Weitere Veränderungen der Pupillenreaktion zeigen sich auch bei pharmakologischer Stimulation. So findet sich bei bilateraler Instillation von indirekten Sympathomimetika wie zum Beispiel Hydroxy-Amphetamin eine reduzierte Mydriasis auf der vom Clusterkopfschmerz betroffenen Seite während der aktiven Cluster-Phase außerhalb einer Attacke. Umgekehrt zeigt sich bei Gabe eines direkten Sympathomimetikums wie zum Beispiel Phenylephrin auf dem vom Clusterkopfschmerz betroffenen Auge eine verstärkte Mydriasis. Aus diesen Befunden wird auf eine reduzierte Funktion des Sympathikus auf der symptomatischen Seite geschlossen.
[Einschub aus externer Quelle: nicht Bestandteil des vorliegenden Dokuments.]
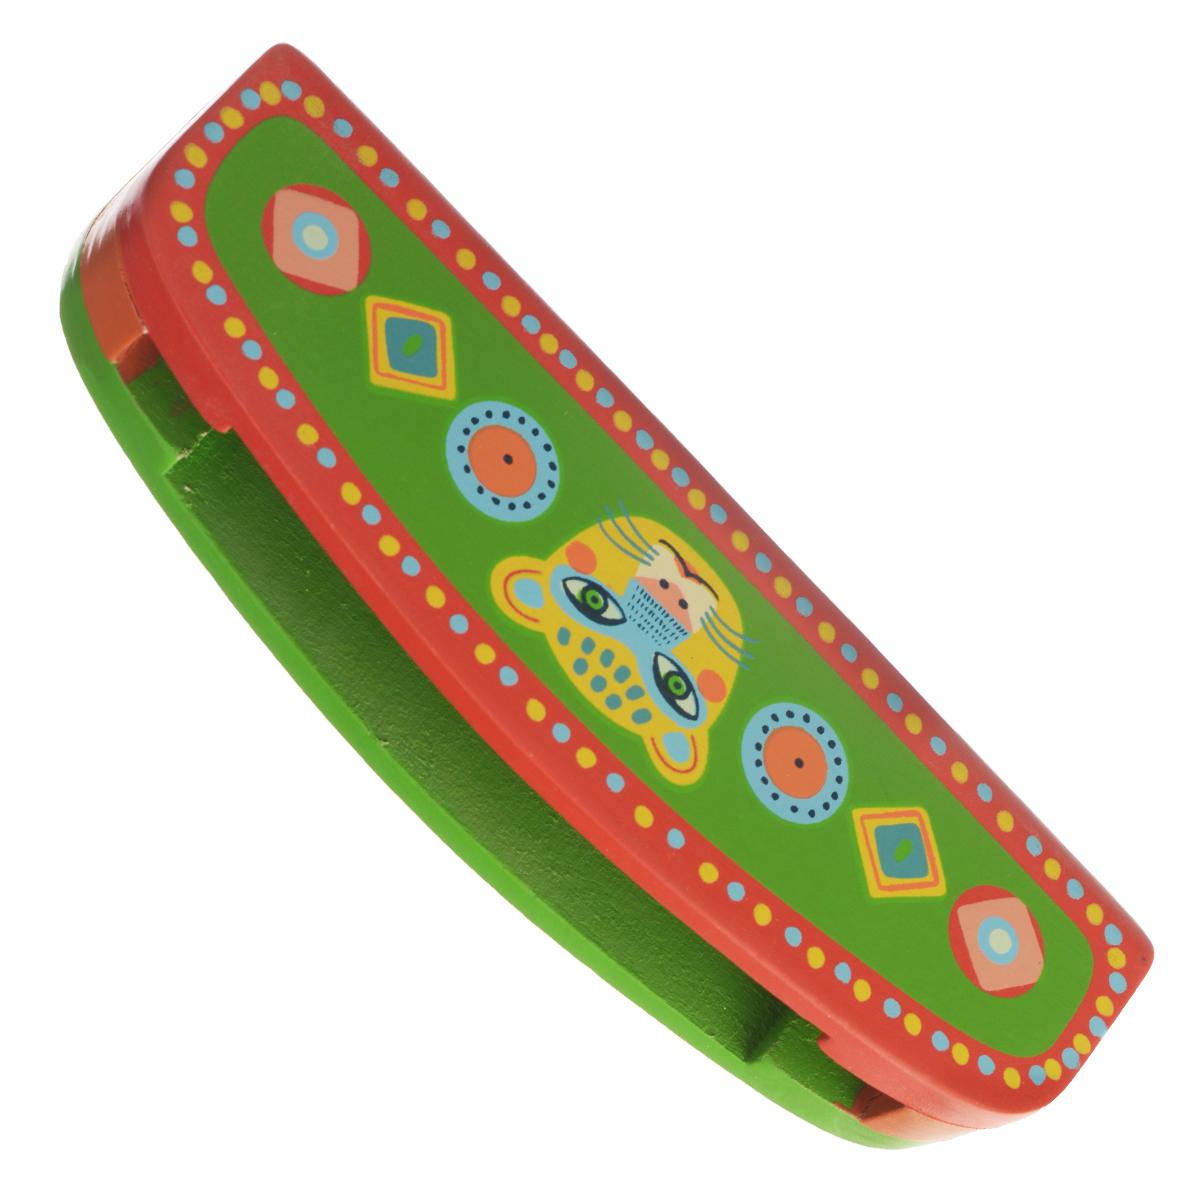 Djeco Губная гармошка Animambo, цвет: зеленый, красный djeco маракас animambo

Auch die experimentell induzierte Schweißreaktion, zum Beispiel bei Applikation von Hitze, ist auf der symptomatischen Seite bei den betroffenen Patienten während der aktiven Phase in der kopfschmerzfreien Zeit reduziert. Durch Gabe von Pilocarpin lässt sich dagegen auf der symptomatischen Seite eine verstärkte Schweißreaktion beobachten. Auch diese Befunde können als Hinweis für eine Störung von sympathischen Fasern aufgefasst werden. Durch die reduzierte Aktivität stellt sich eine Überempfindlichkeit der postsynaptischen Rezeptoren ein. Die Lokalisation der sympathischen Hyperfunktion muss jedoch nicht unbedingt in der Peripherie liegen, da ähnliche Befunde auch bei zentralem HornerSyndrom beobachtet werden können.